What to do when Pandemic Fatigue Threatens to Destroy your Relationships

I’m just going to put it out there. I’ve been struggling. My ideas about how to handle this pandemic are very different from my husband’s. They are different from my mom’s, and

we both differ from my dad, and then there are my in-laws... In fact, of all my friends and family, I can think of only one person who I have discussed this with and agree entirely.


If you’re anything like me, you are struggling with some intense emotions around these differences of opinions. You are fighting fiercely for the health and safety of your family – and whether your concern is greater with physical or mental health, and whatever you believe about the effectiveness of masks and vaccines and social distancing, it is coming from a place of love.


Yes. LOVE.


We all hate this pandemic. We hate lock down. We hate virtual learning. We hate, hate, hate the massive toll it’s taken on those who have lost loved ones and those who are suffering long-term effects from the virus.


We love our family and friends and miss spending time with them. We love knowing our children are getting a good education in a safe and healthy environment. (Even if you are an introvert, I know you miss us a little. Right?)


If you are in conflict right now with your family or friends over how we’re all handling things differently, I’d like to offer some advice that’s worked for me recently. This isn’t original content. I learned it from my therapist, who learned it from a friend, and thank God for whoever taught it to her friend! BECAUSE IT REALLY HELPED ME!

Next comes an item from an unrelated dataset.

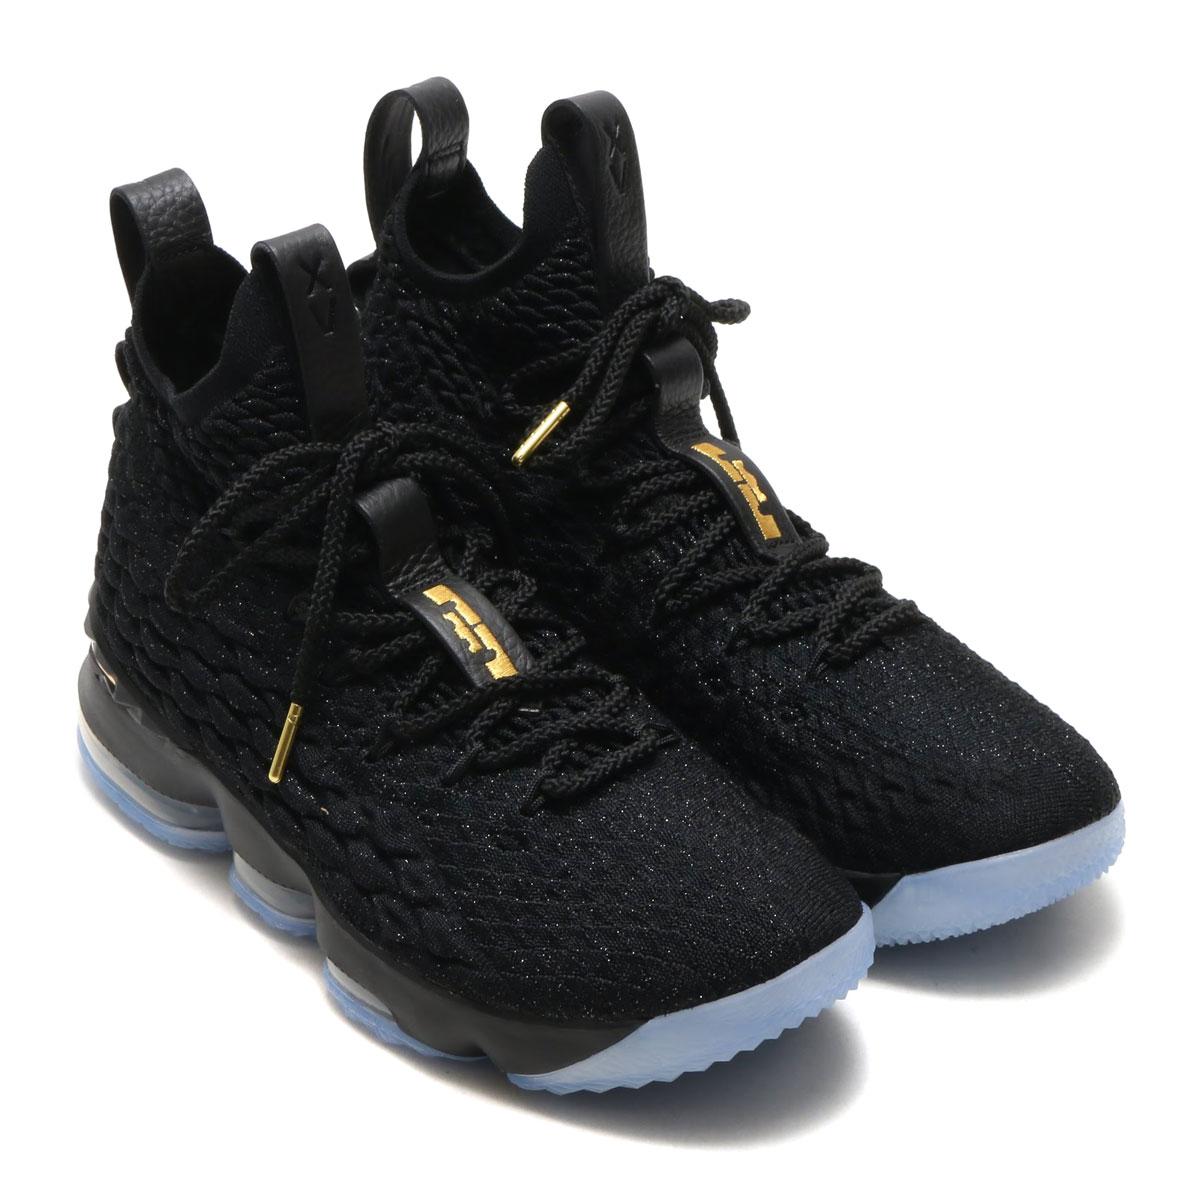 8fe0ae9ef133 NIKE LEBRON XV EP (Nike Revlon 15 EP) (BLACK METALLIC GOLD-BLACK) 18SP-S

1. Recognize that what you are angry about is this stupid pandemic. IT is the problem. Your people aren’t the problem. The government isn’t the problem. Covid-19 is the problem.


2. Consider the perspective of those loved ones who feel differently than you. What could be motivating their difference of opinion? Below is a list of examples that are far from comprehensive, but taken from my experience with all the perspectives I’ve observed.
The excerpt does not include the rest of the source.